Veja algumas metas estipuladas nos regulamentos:

  • Os reajuste dos preços não podem ter periodicidade inferior a doze meses.

  • O número de reclamações recebidas pela prestadora, no mês, não pode ser superior a 2% do total de acessos em serviço.

  • Em caso de rescisão parcial dos contratos celebrados na oferta conjunta, o benefício concedido pode ser reduzido proporcionalmente.

  • O assinante pode se desvincular a qualquer momento do benefício oferecido pela prestadora.

  • A necessidade de interrupção ou degradação do serviço por motivo de manutenção, ampliação da rede ou similares deve ser amplamente comunicada aos assinantes que serão afetados, com antecedência mínima de uma semana, devendo ser concedido abatimento na assinatura à razão de um trinta avos por dia ou fração superior a quatro horas.

  • A prestadora deve manter à disposição da Anatel e do assinante os registros das reclamações, solicitações de serviços e pedidos de rescisão por um período mínimo de dois anos após solução desses e, sempre que solicitada pela Anatel ou pelo assinante.

  • A desativação do serviço, decorrente da rescisão do contrato de prestação do SCM, deve ser concluída pela prestadora em até vinte e quatro horas, a partir da solicitação, sem ônus para o assinante.

  • As empresas maiores terão que guardar o conteúdo das ligações dos assinantes por 180 dias.

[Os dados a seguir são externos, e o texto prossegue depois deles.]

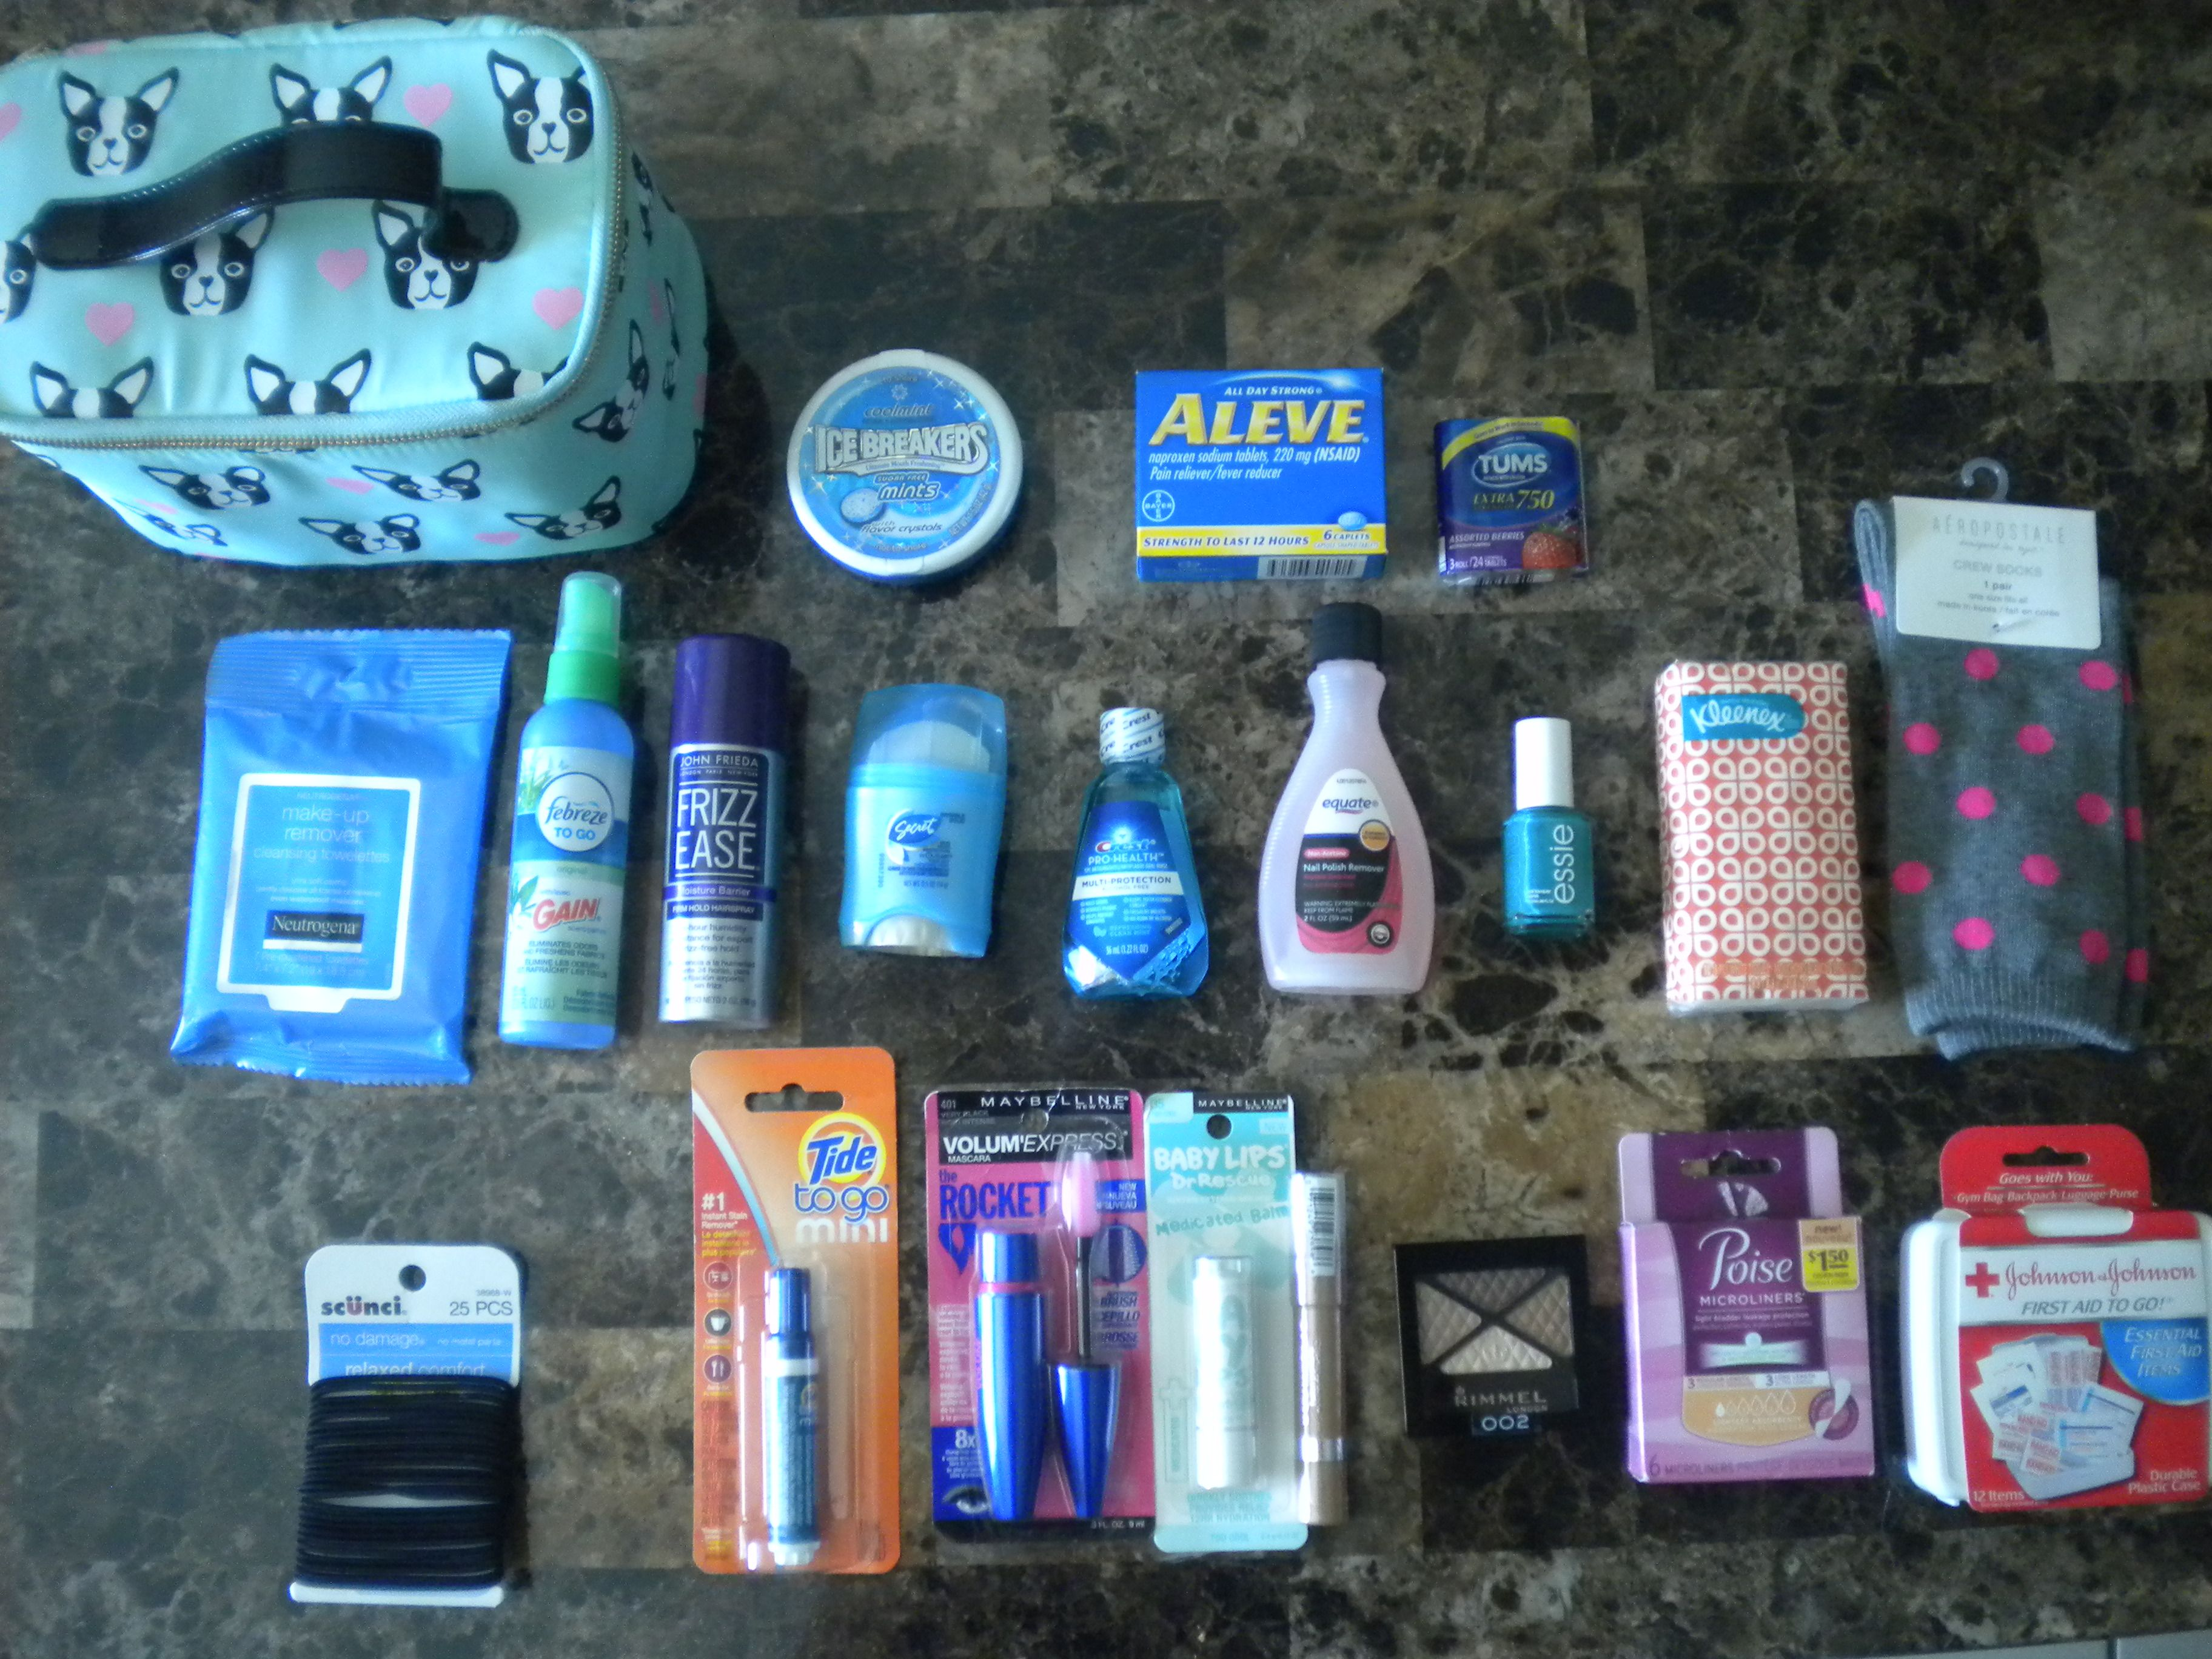 18th Birthday Car Emergency Kit Teenage Girl. 18th Birthday Car Emergency Kit Teenage Girl   Survival Kits

As prestadoras de pequeno porte, por no mínimo 90 dias.

  • O Call Center das grandes empresas terão de funcionar todos os dias durante as 24h. Já as empresas menores poderão manter seu serviço de atendimento por menos tempo: apenas nos dias úteis, das 8h às 20h.

  • Taxa de ocupação do enlace: Mede o nível de ocupação de segmentos de rede da prestadora, em percentual de capacidade. A meta é de, no mínimo, 80%, em 95% dos casos. Caso a ocupação atinja 90%, a prestadora terá prazo de 30 dias para ampliar sua rede e adequar-se à meta estabelecida. Caso essa providência não seja tomada, a Anatel poderá aplicar sanções e medidas cautelares.

  • As solicitações de instalação de serviço devem ser atendidas em até três dias úteis em 95% dos casos. Em nenhum caso o atendimento da solicitação deve ser feito em prazo superior a dez dias úteis.